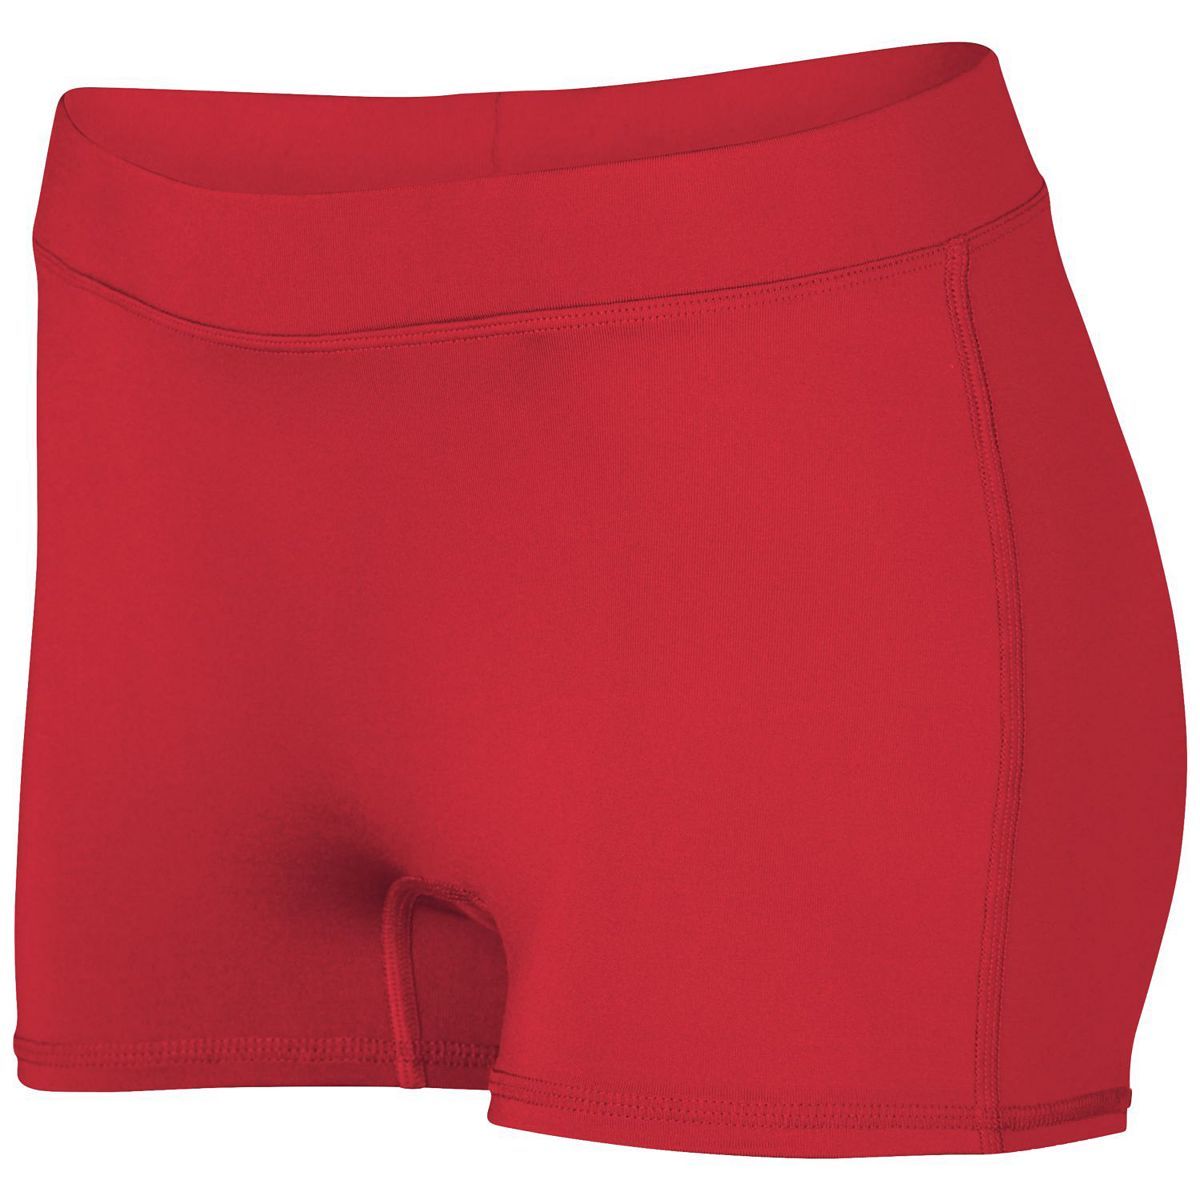 Filles Dare Shorts - 1233
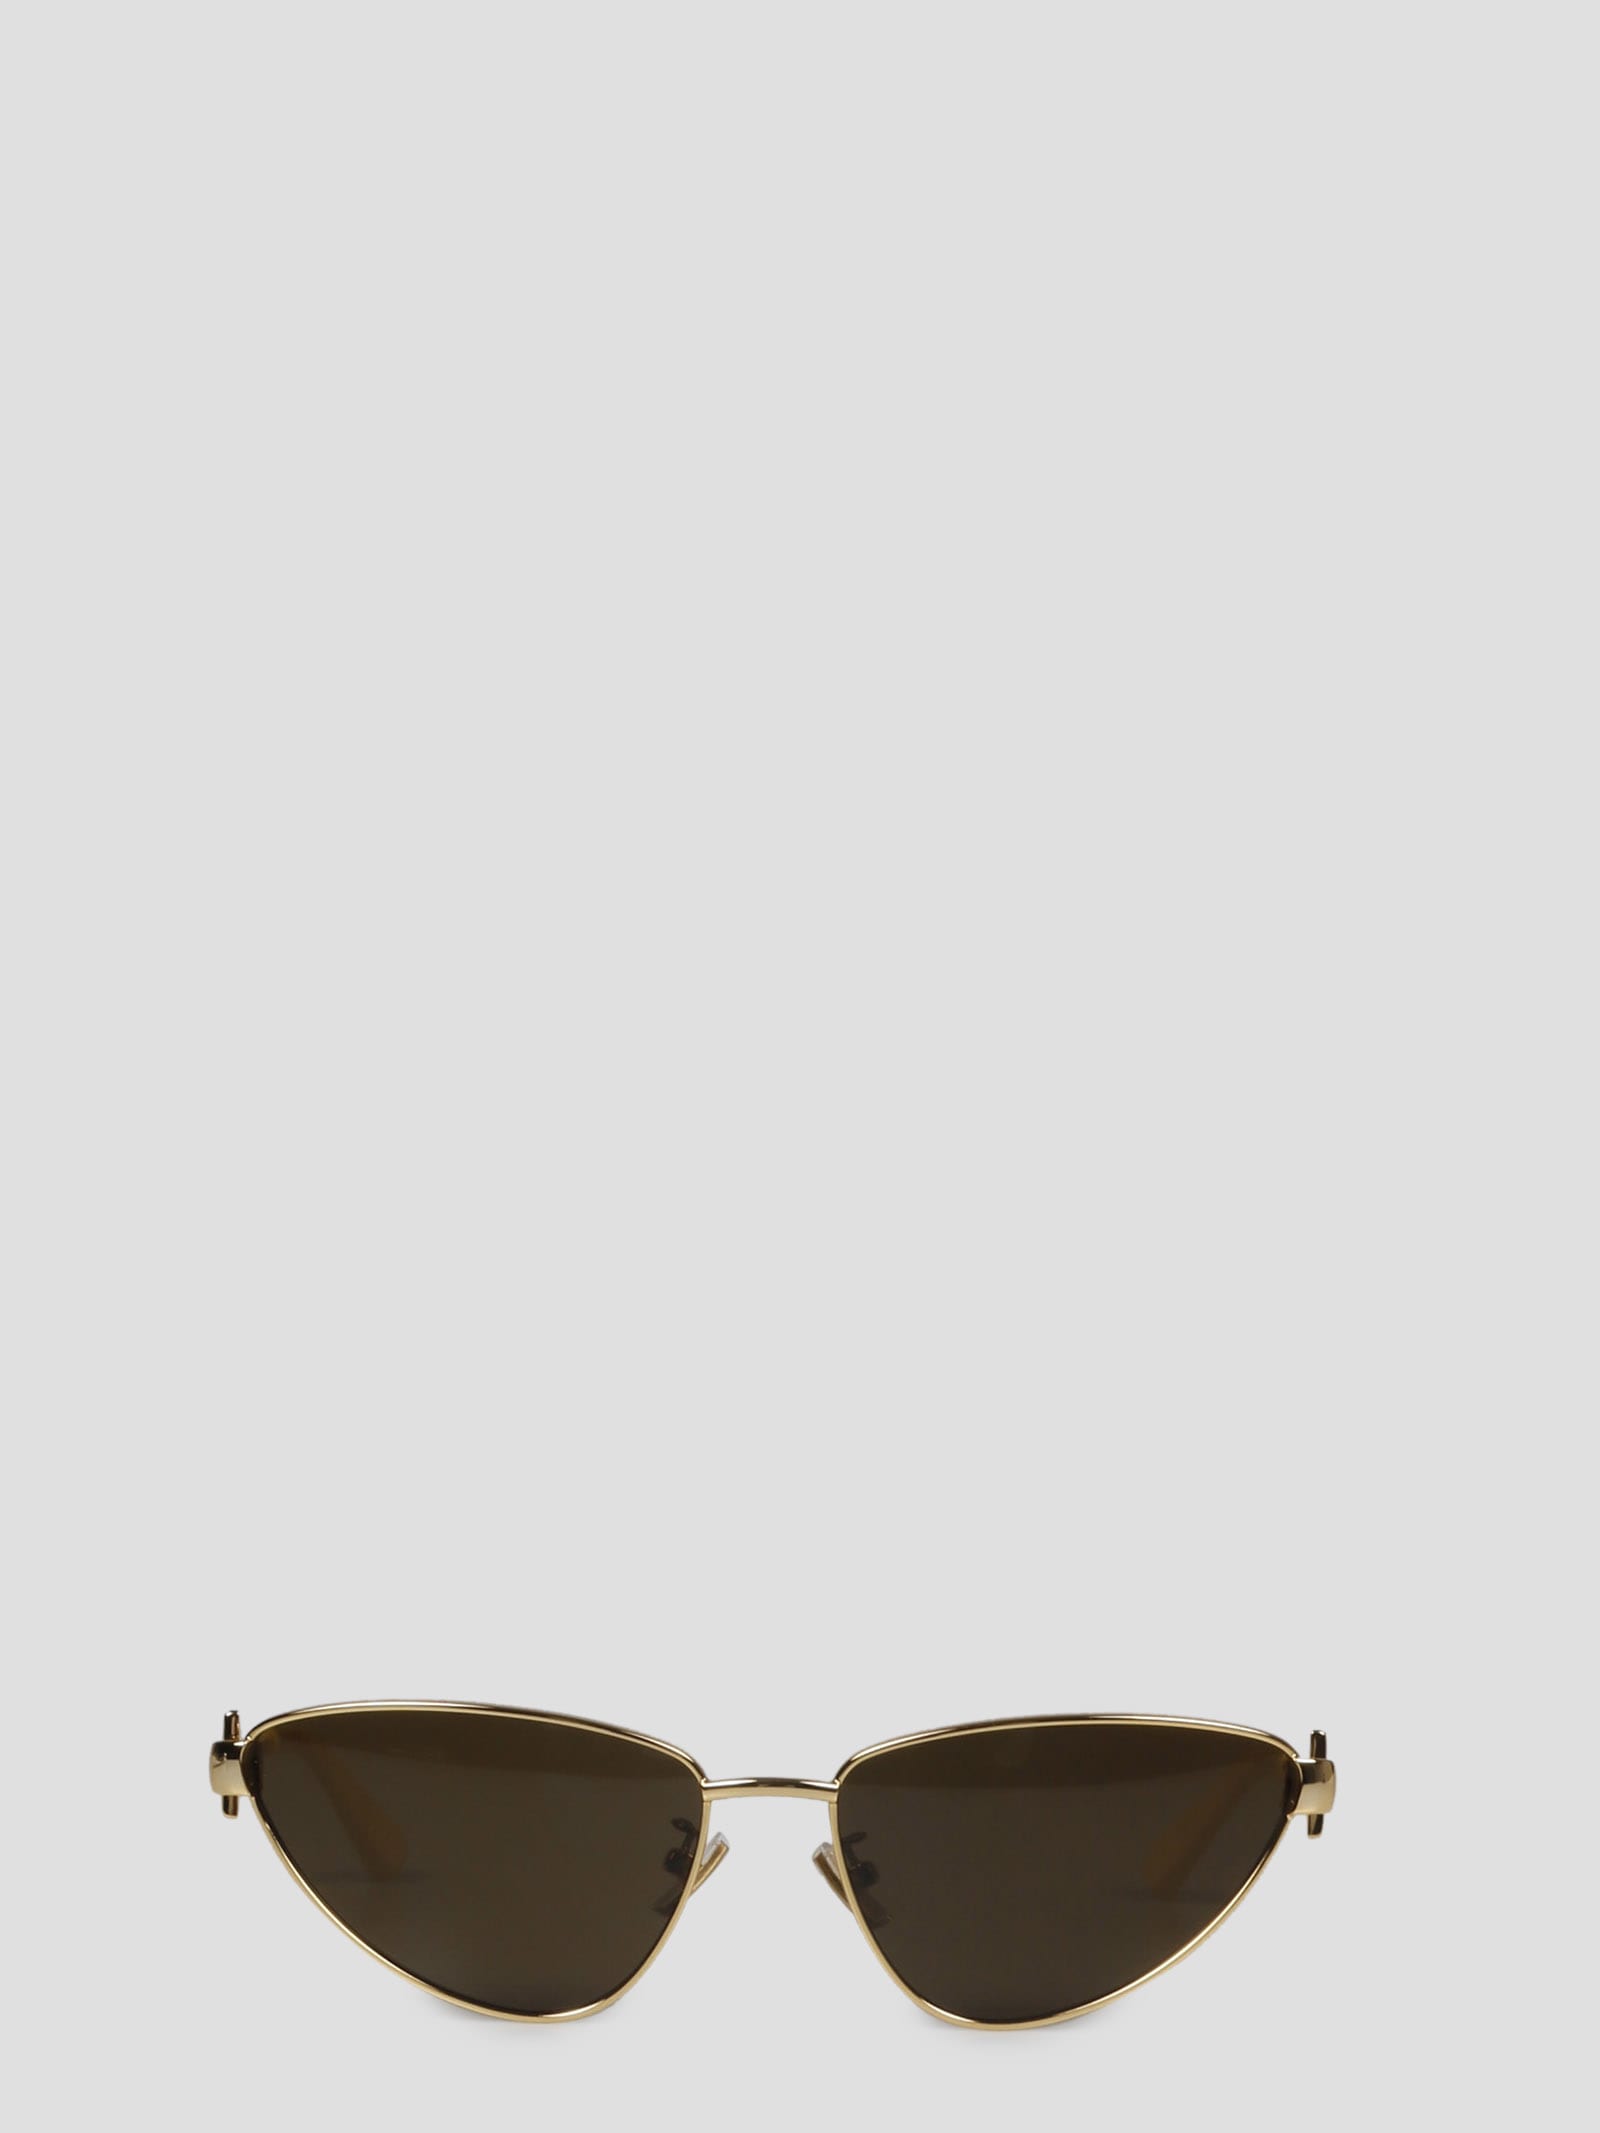 Bottega Veneta Eyewear Turn Cut Eye Sunglasses
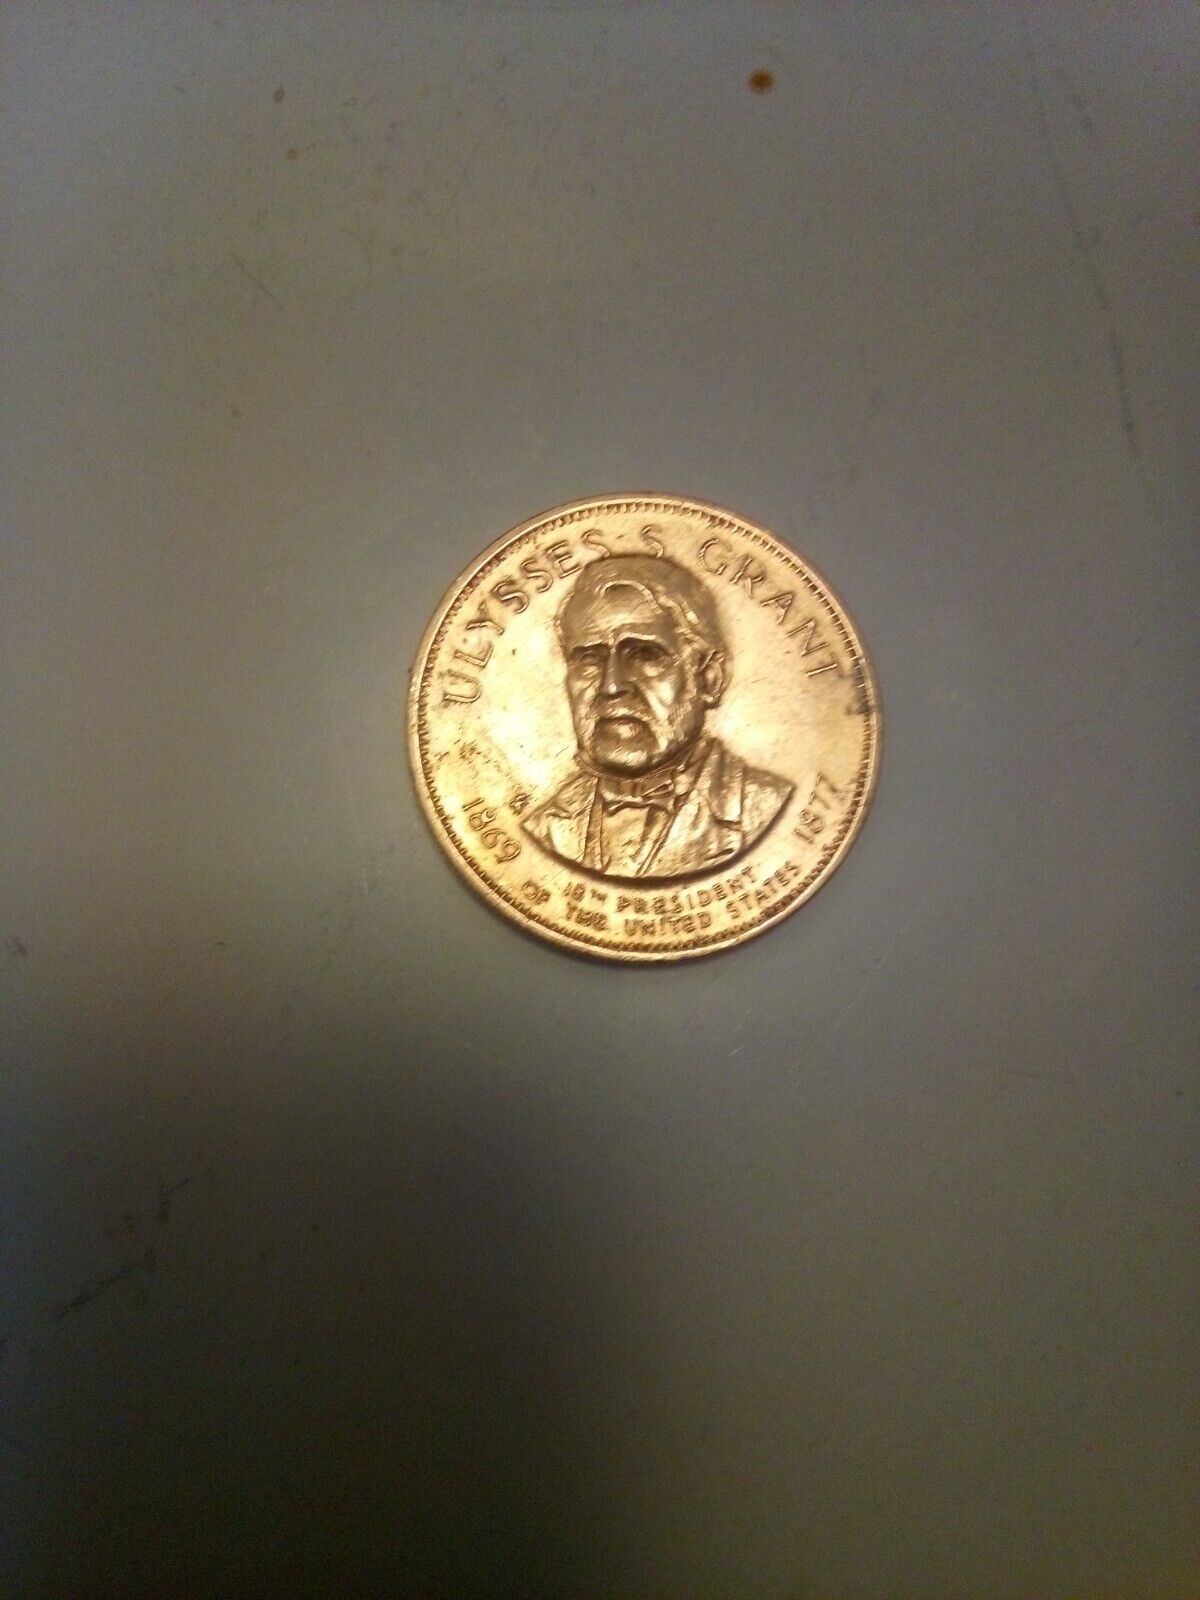 RARE Antique Ulysses S. Grant $1 Dollar Coin 1869-1877 -  18th President

REQUIRED WORK. Transcribe the listing in full and omit the pictures.

TASK SOLUTION.
 Filles Dare Shorts - 1233
 Bottega Veneta Eyewear Turn Cut Eye Sunglasses
 RARE Antique Ulysses S. Grant $1 Dollar Coin 1869-1877 -  18th President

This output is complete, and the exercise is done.